I want my self hosted things to use https. For example, I have Jellyfin installed via docker, and I want it to use https instead of http.

I don’t care about necessarily doing this the “right” way, as I won’t be making Jellyfin or any other service public, and will only be using it on my local network.

What is the easiest way to do this? Assume everything I host is in docker. Also a link to a tutorial would be great.

Thanks!

  • @hperrin@lemmy.worldEnglish
    3811 months ago

    The easiest way to do it is to do it the right way with LetsEncrypt. The hardest way to do it is the wrong way, where you create your own CA, import it as a root CA into all of the machines you’ll be accessing your servers from, then create and sign your own certs using your CA to use in your servers.

    • @TCB13@lemmy.worldEnglish
      1111 months ago

      Yes, LetsEncrypt with DNS-01 challenge is the easiest way to go. Be it a single wildcard for all hosts or not.

      Running a CA is cool however, just be aware of the risks involved with running your own CA.

      You’re adding a root certificate to your systems that will effectively accept any certificate issued with your CA’s key. If your PK gets stolen somehow and you don’t notice it, someone might be issuing certificates that are valid for those machines. Also real CA’s also have ways to revoke certificates that are checked by browsers (OCSP and CRLs), they may employ other techniques such as cross signing and chains of trust. All those make it so a compromised certificate is revoked and not trusted by anyone after the fact.

    • @philpo@feddit.deEnglish
      211 months ago

      Yeah. Exactly how I do it. .casa domain to distinguish it from my other domains, DNS challenge and I am good.

      Proxmox and OPN Sense work with it themselves, for everything else I use NPM on Proxmox. Couldn’t be more happy with that solution.

  • @doodledup@lemmy.worldEnglish
    1011 months ago

    Nginx Proxy Manager is awesome for managing certificates. I have all of my services running behind it.

    • qazEnglish
      211 months ago

      I also use this and can recommend it

    • @Tinkerer@lemmy.caEnglish
      111 months ago

      I do this too, have acls setup for my main LAN ips and all my internal hosts setup in opnsense in hosts override so they get redirected to NPM. Not sure if this is the correct way but it gives me all valid certificates. You could also do domain override and redirect just that domain to your NPM.

    • @jonno@discuss.tchncs.deEnglish
      511 months ago

      Or use caddy with a dns challenge. No need to open any ports and just use it completely locally without any annoying warning.

  • @cmnybo@discuss.tchncs.deEnglish
    411 months ago

    I just add my CA to my devices and use self signed certificates for stuff on my LAN. I don’t want to go through all the trouble of using lets encrypt for something that’s not accessible from the internet.

    • @TCB13@lemmy.worldEnglish
      411 months ago

      Just be aware of the risks involved with running your own CA.

      You’re adding a root certificate to your systems that will effectively accept any certificate issued with your CA’s key. If your PK gets stolen somehow and you don’t notice it, someone might be issuing certificates that are valid for those machines. Also real CA’s also have ways to revoke certificates that are checked by browsers (OCSP and CRLs), they may employ other techniques such as cross signing and chains of trust. All those make it so a compromised certificate is revoked and not trusted by anyone after the fact.
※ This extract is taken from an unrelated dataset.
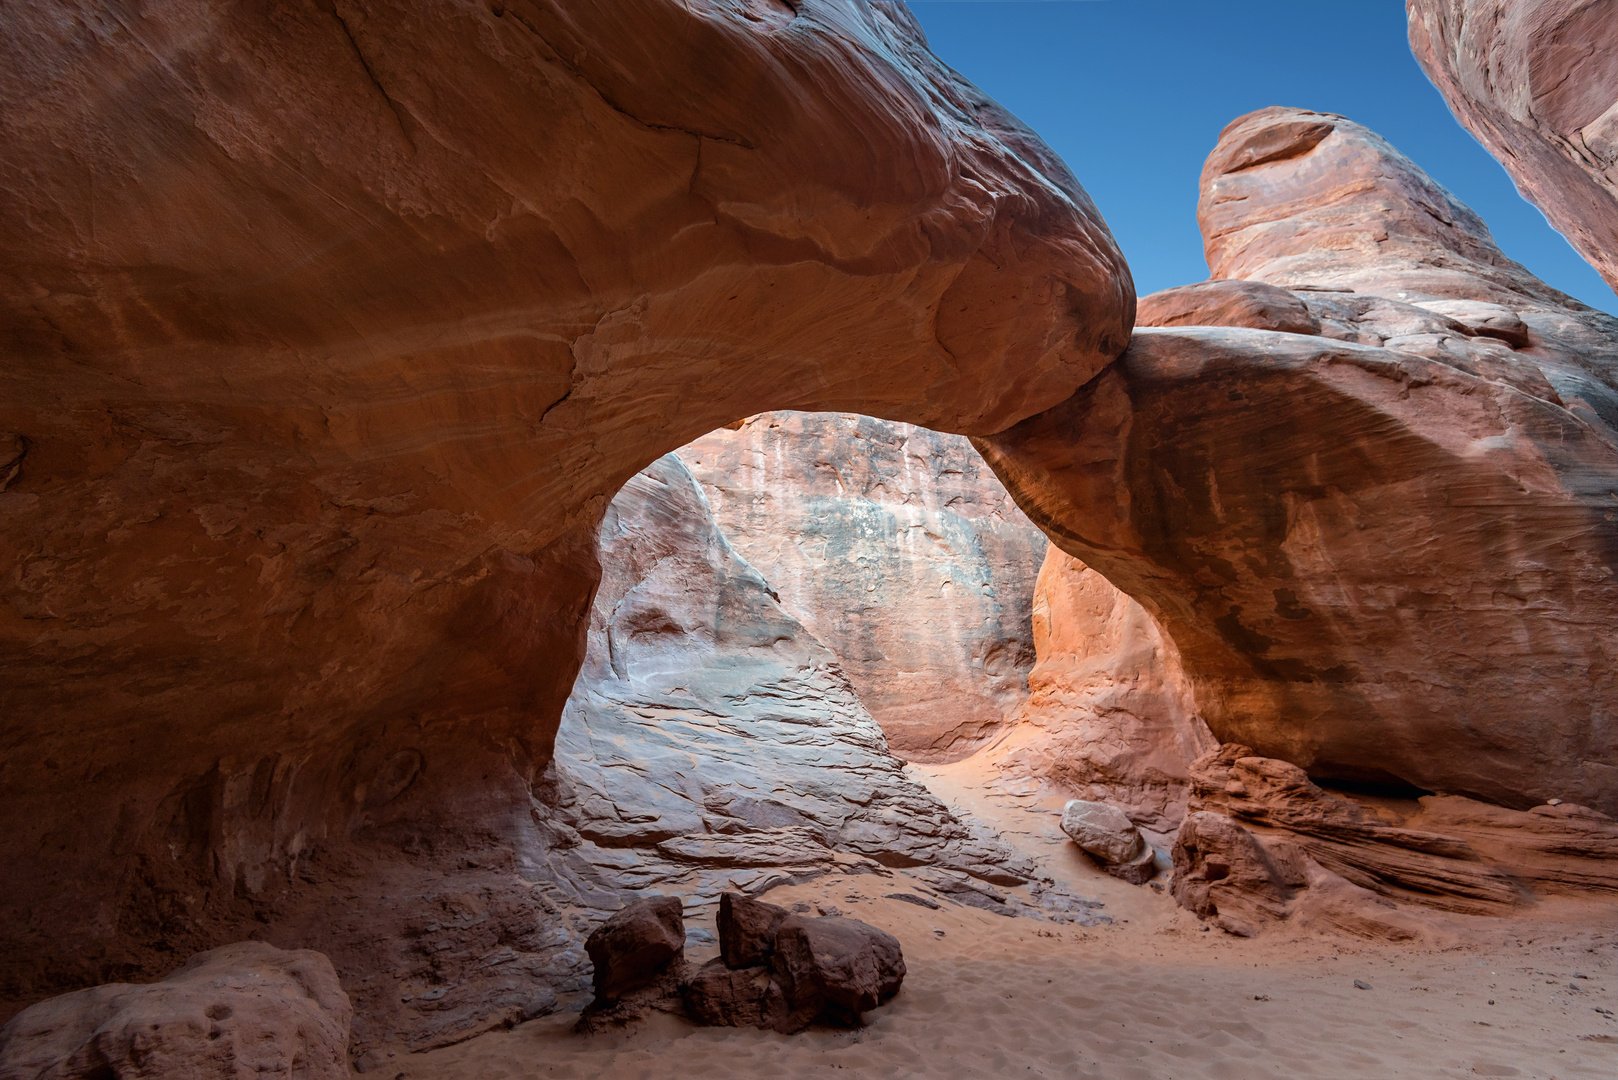 Arches Canyon - Sand Dune Arch

      For what’s worth, LetsEncrypt with DNS-01 challenge is way easier to deploy and maintain in your internal hosts than adding a CA and dealing with all the devices that might not like custom CAs. Also more secure.

    • @catloaf@lemm.eeEnglish
      311 months ago

      This is the most permanent solution. You can generate valid and trusted certs for as long as you want. Let’s Encrypt is great, but you also have to configure the automation to keep renewing the certs every 30 days.

    • @postnataldrip@lemmy.worldEnglish
      111 months ago

      If you mean signed by your CA then this is me too, albeit with an intermediate CA in the middle (honestly pointless in my case, but old habits etc).

      I don’t host anything externally and trusting the CA certs internally is easy as Ionly need to do it on a handful of devices. This + reverse proxy keeps things tidy and uncomplicated.